Once the pictures are set aside, copy the data below exactly as it stands.
-------- COLLECTED DATA
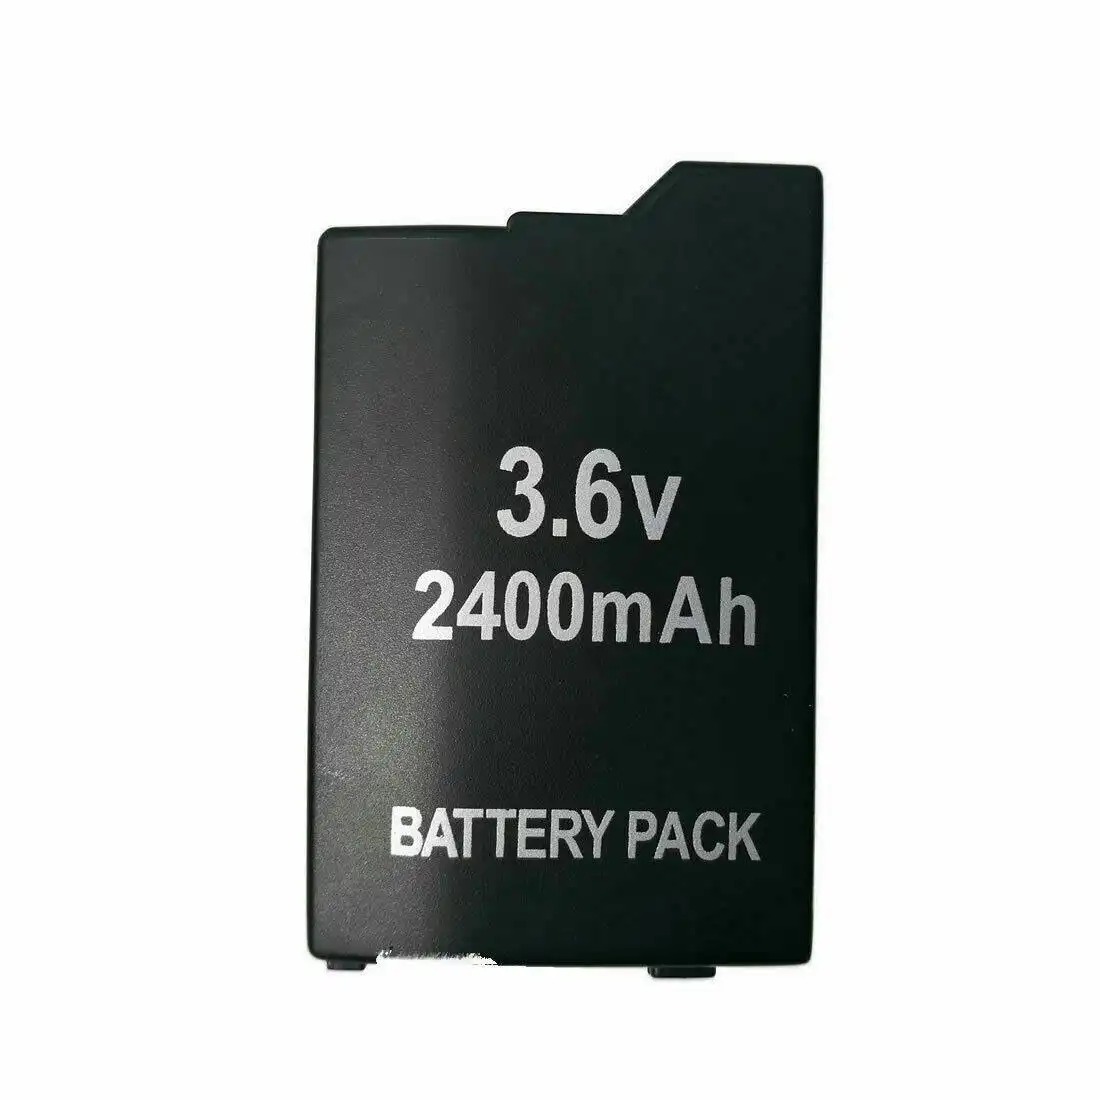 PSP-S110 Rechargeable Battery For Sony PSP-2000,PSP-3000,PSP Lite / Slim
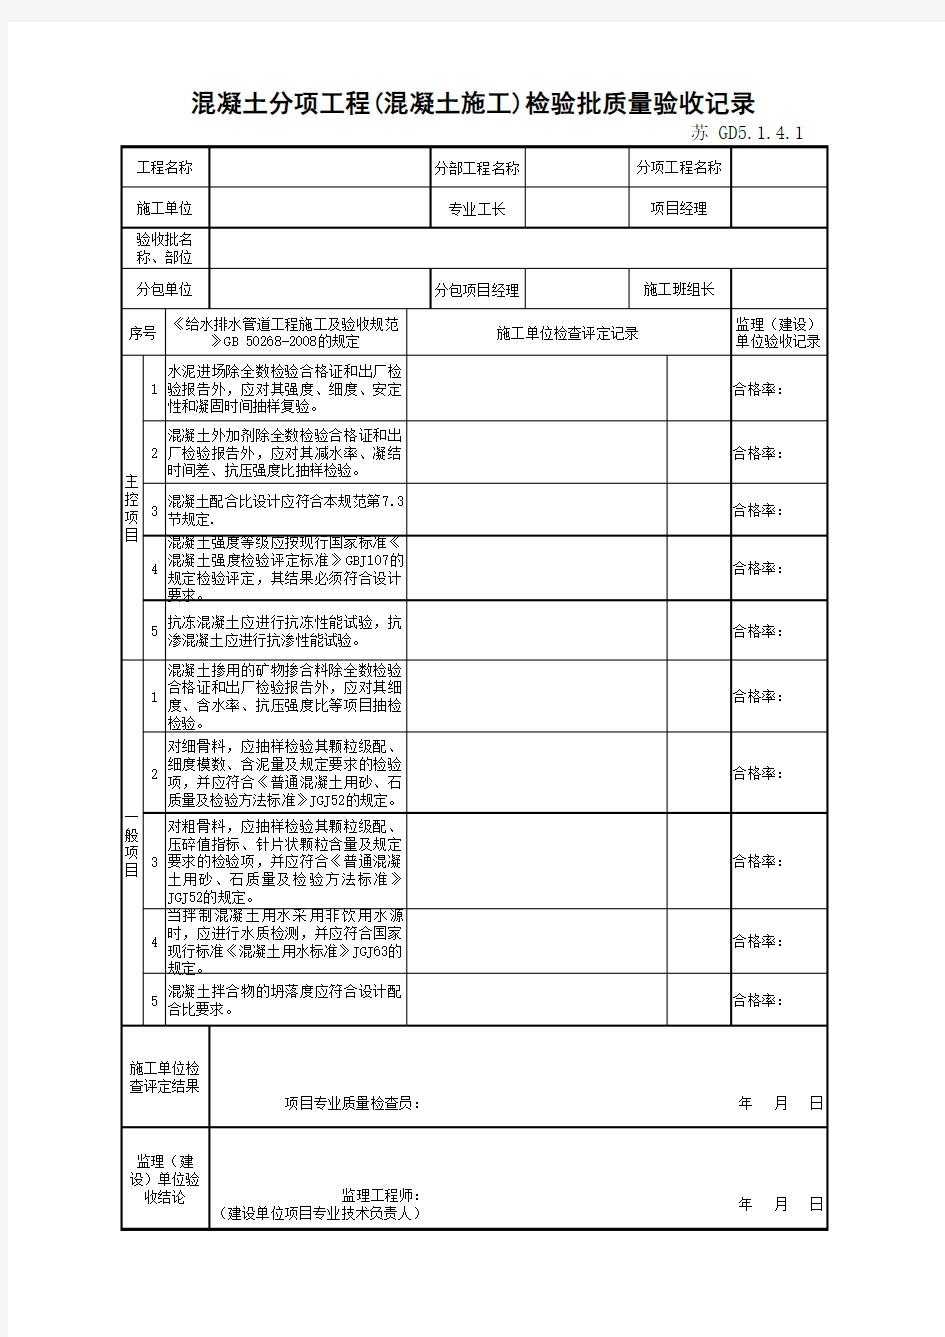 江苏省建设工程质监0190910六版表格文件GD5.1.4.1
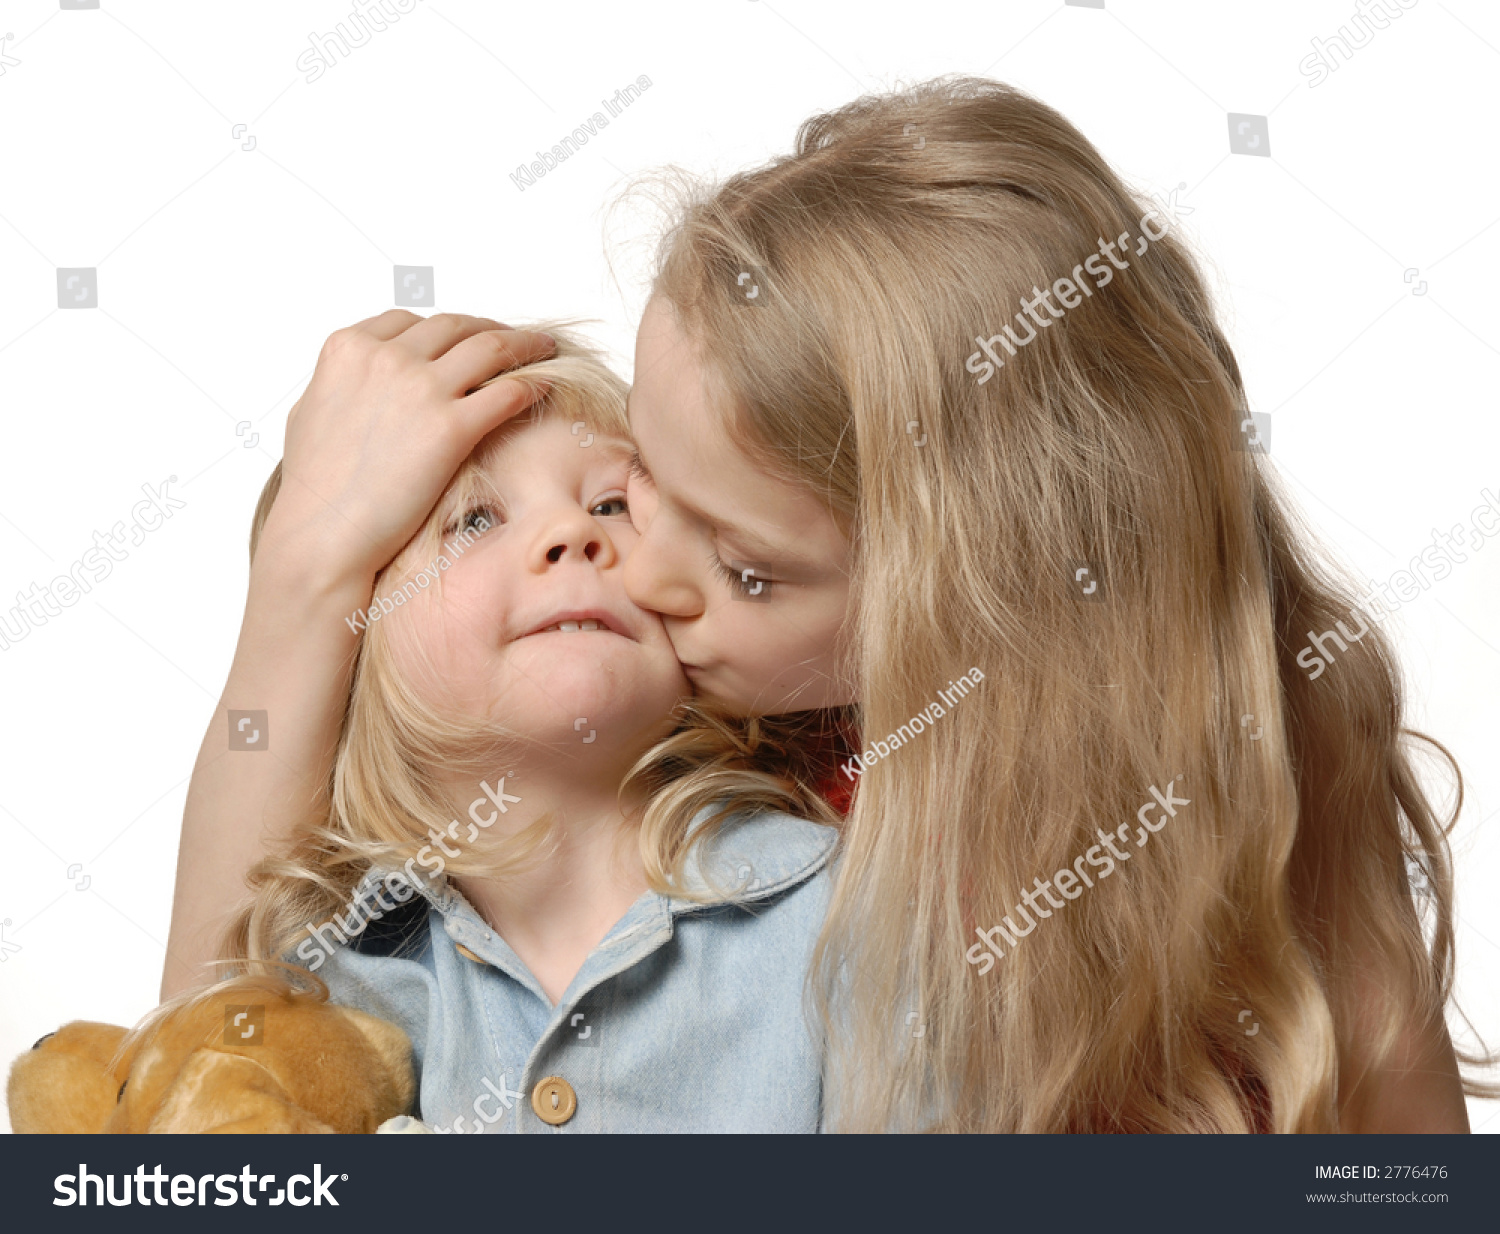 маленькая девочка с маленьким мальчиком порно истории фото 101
----------------
## YOUR RESPONSE
 PSP-S110 Rechargeable Battery For Sony PSP-2000,PSP-3000,PSP Lite / Slim
 江苏省建设工程质监0190910六版表格文件GD5.1.4.1
 маленькая девочка с маленьким мальчиком порно истории фото 101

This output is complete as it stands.